> _Work to be completed_
The answer is all of the data repeated exactly, with each picture omitted.

> _Information supplied_
BEGIN

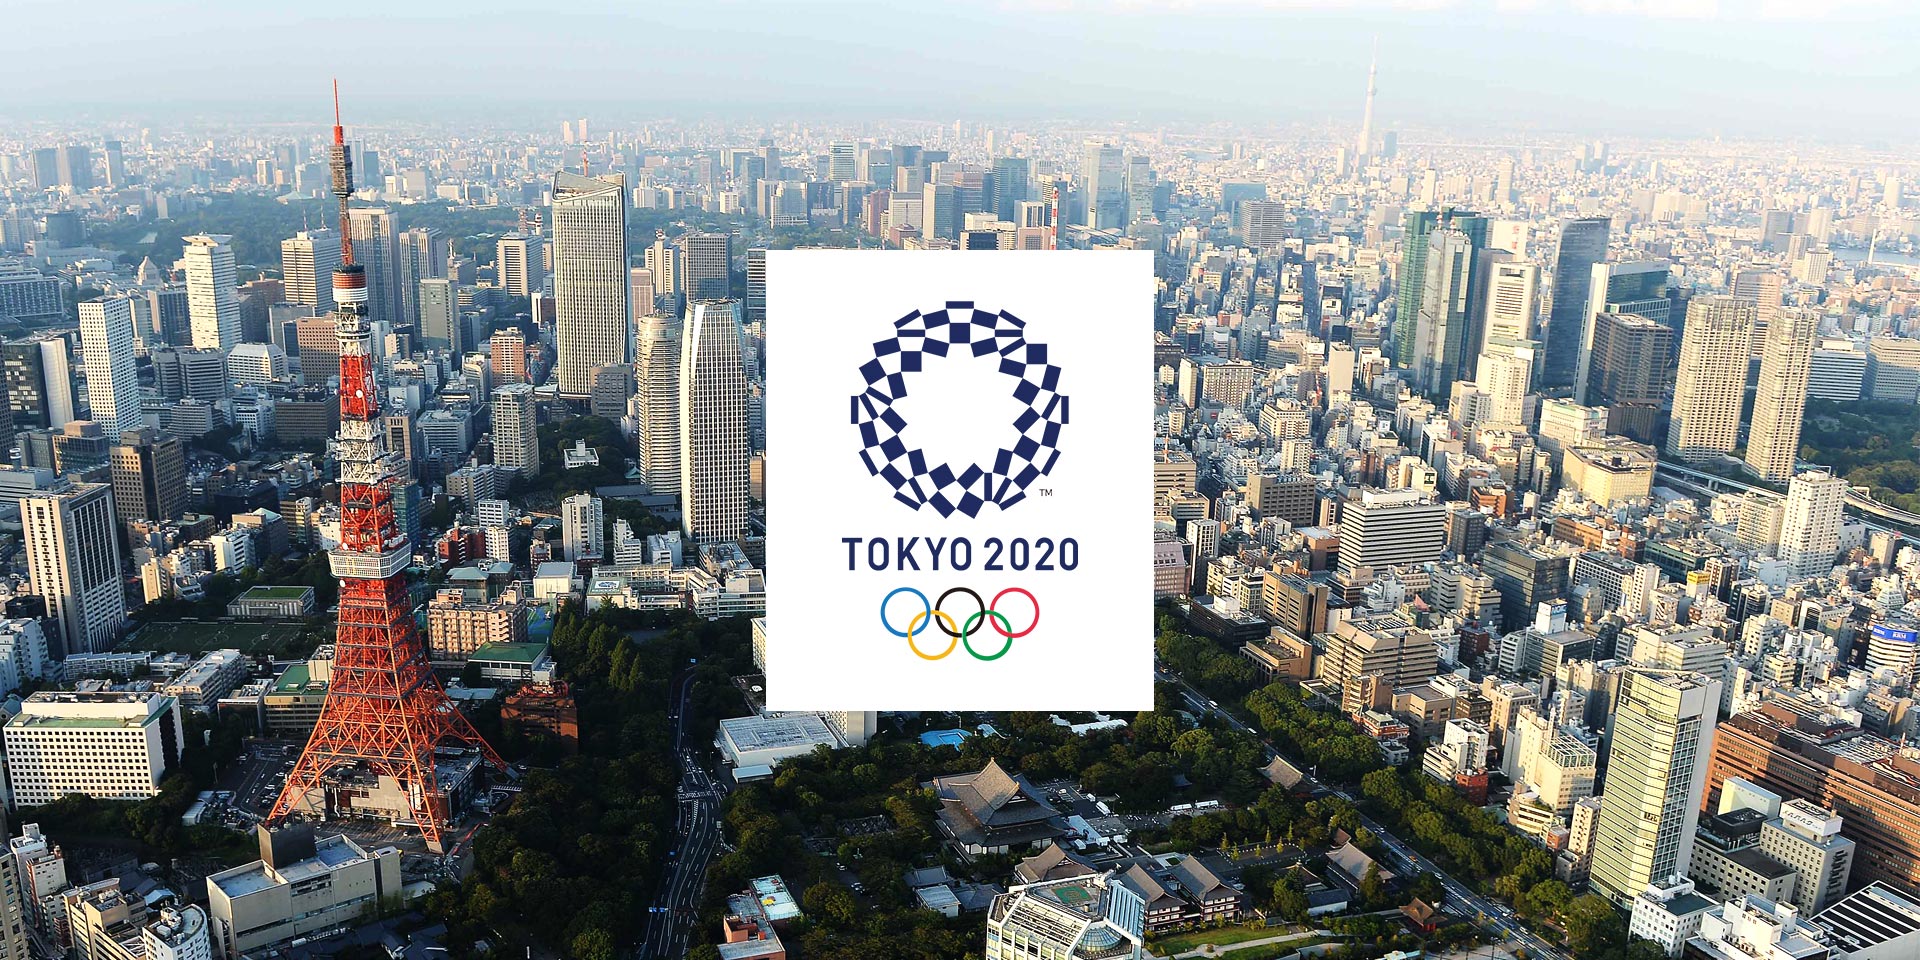 Tokyo 2020 - Organising Committee
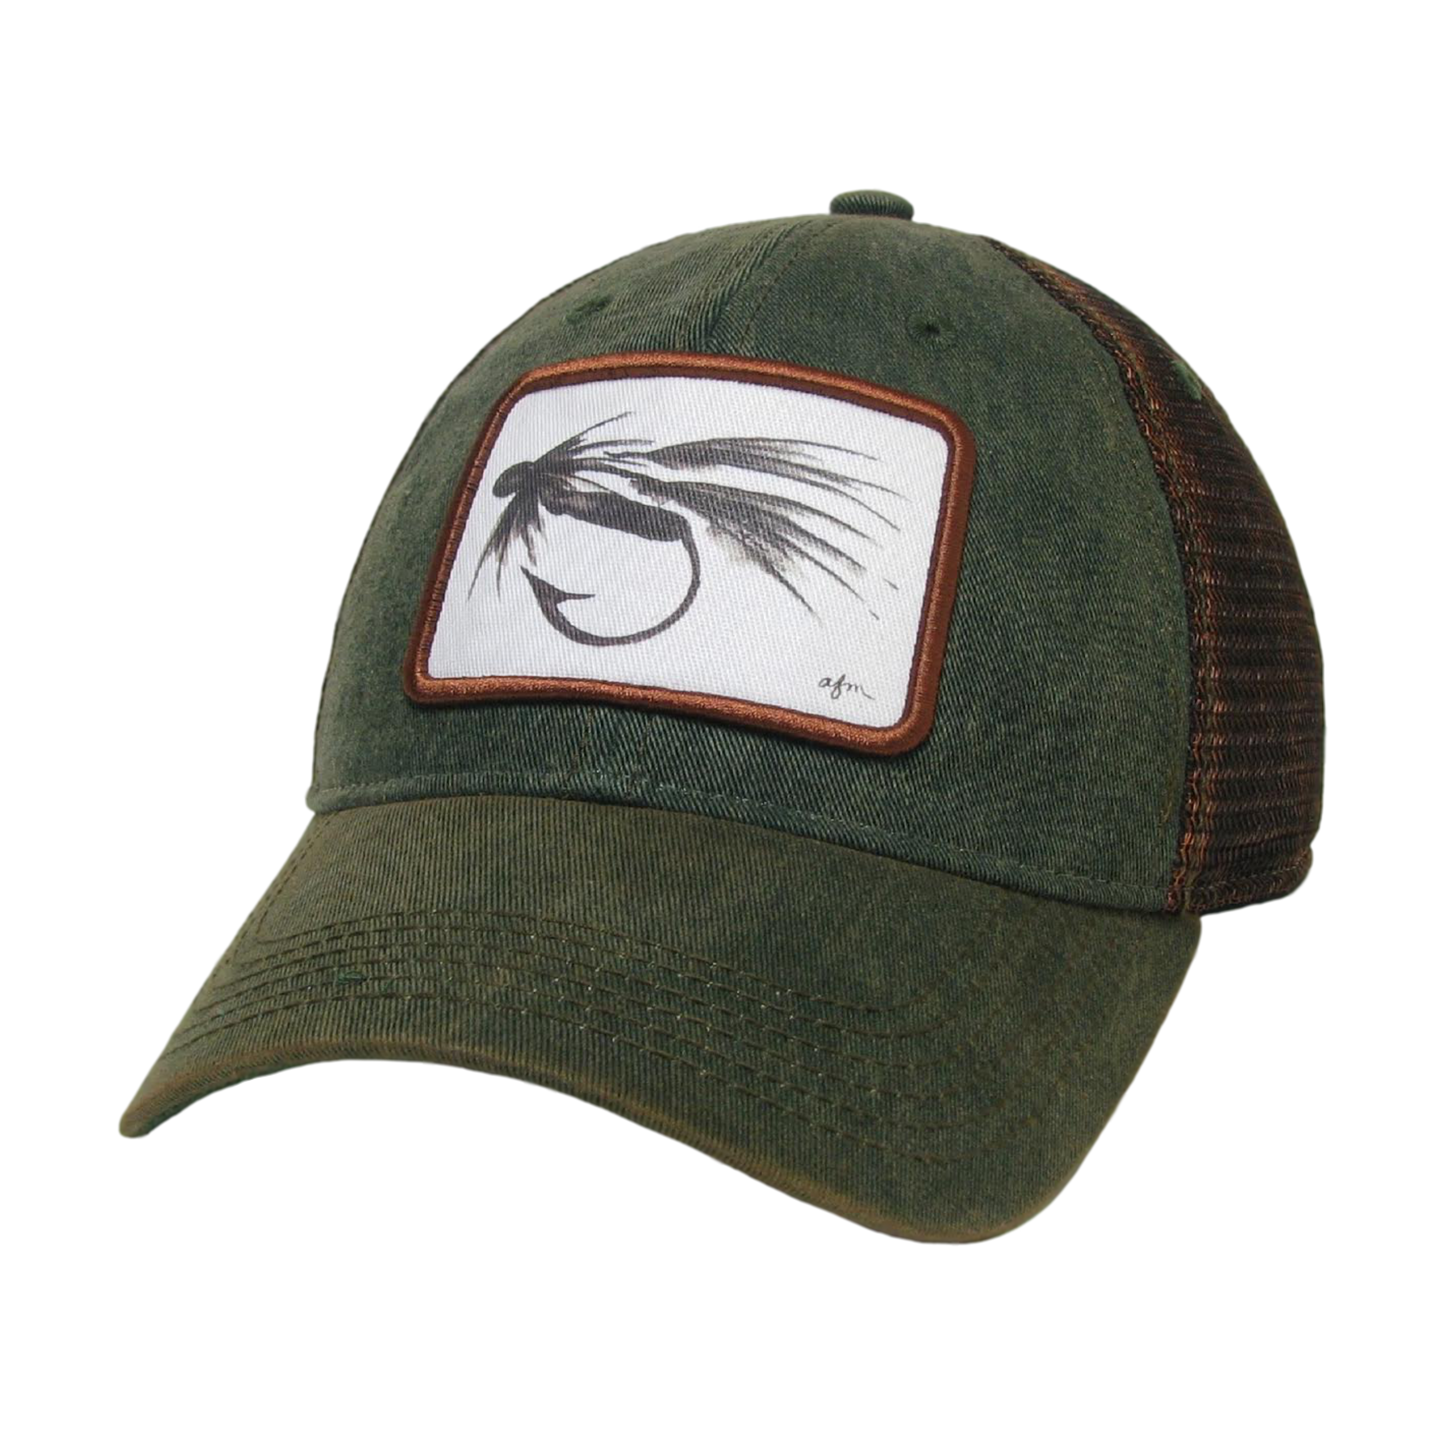 B&W Fly Old Favorite Trucker Hat in Green
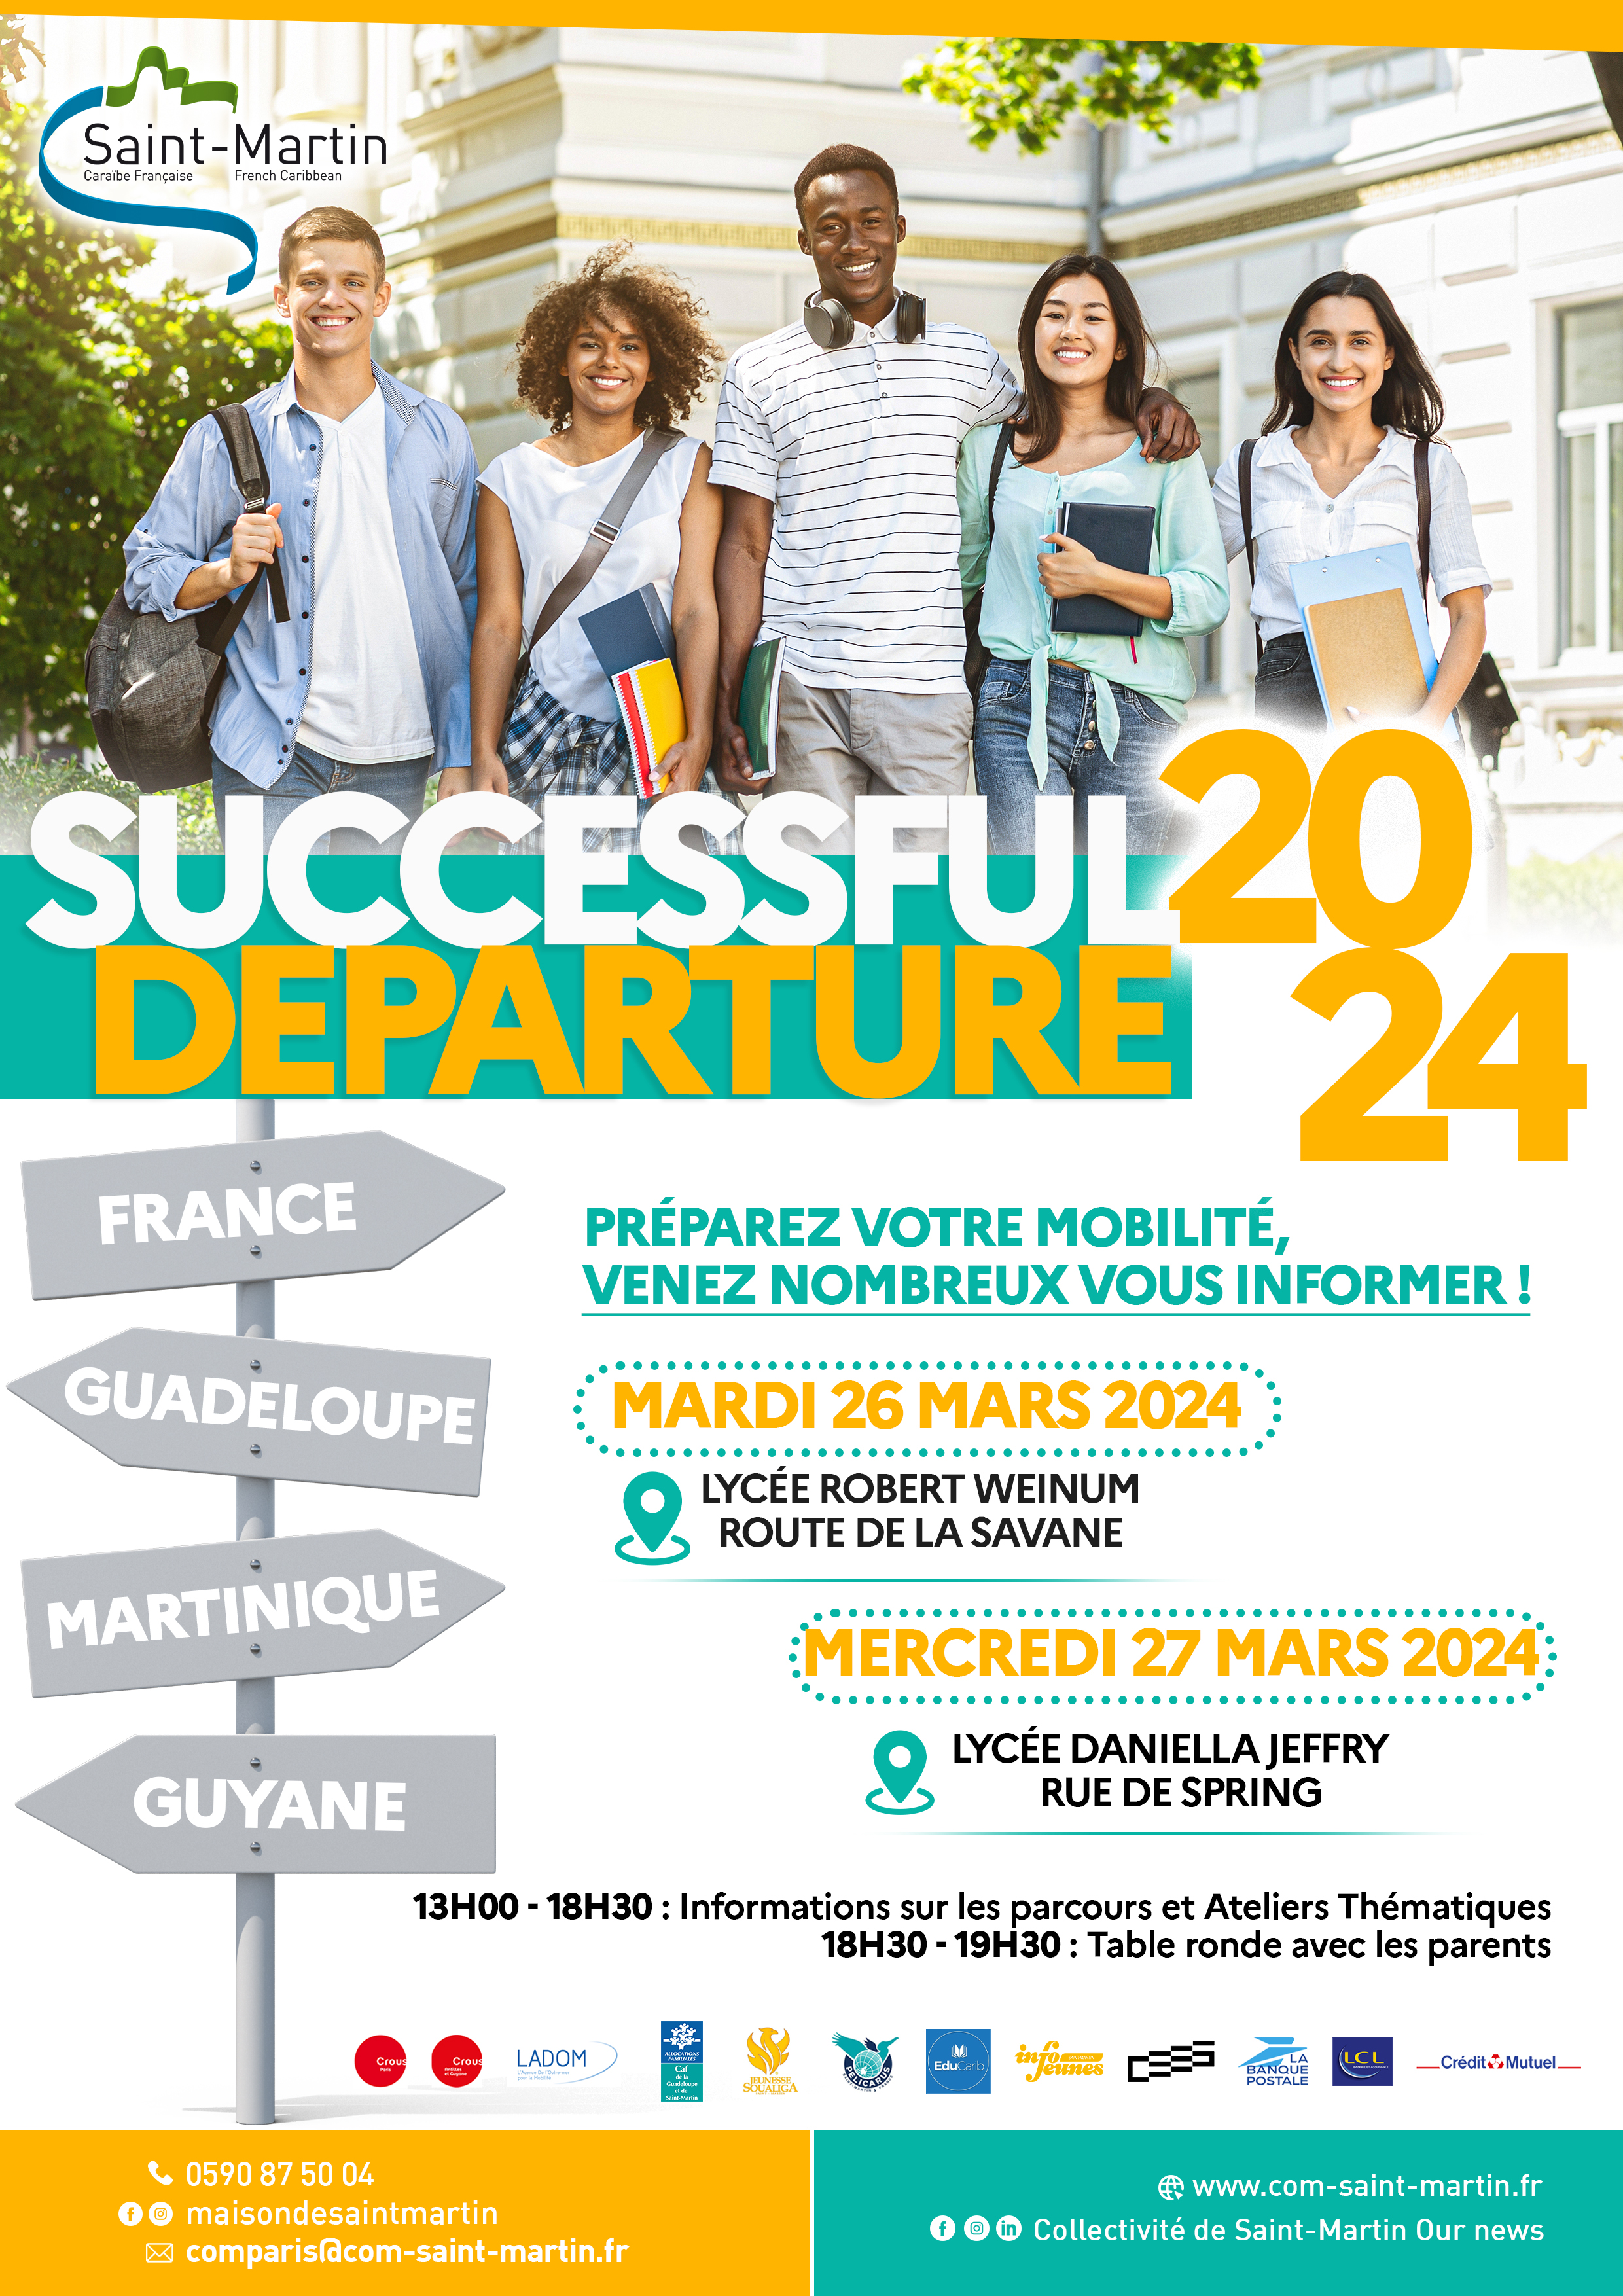 Communiqu de Presse: Successful Departure 2024

END

> _Task solution_
 Tokyo 2020 - Organising Committee
 B&W Fly Old Favorite Trucker Hat in Green
 Communiqu de Presse: Successful Departure 2024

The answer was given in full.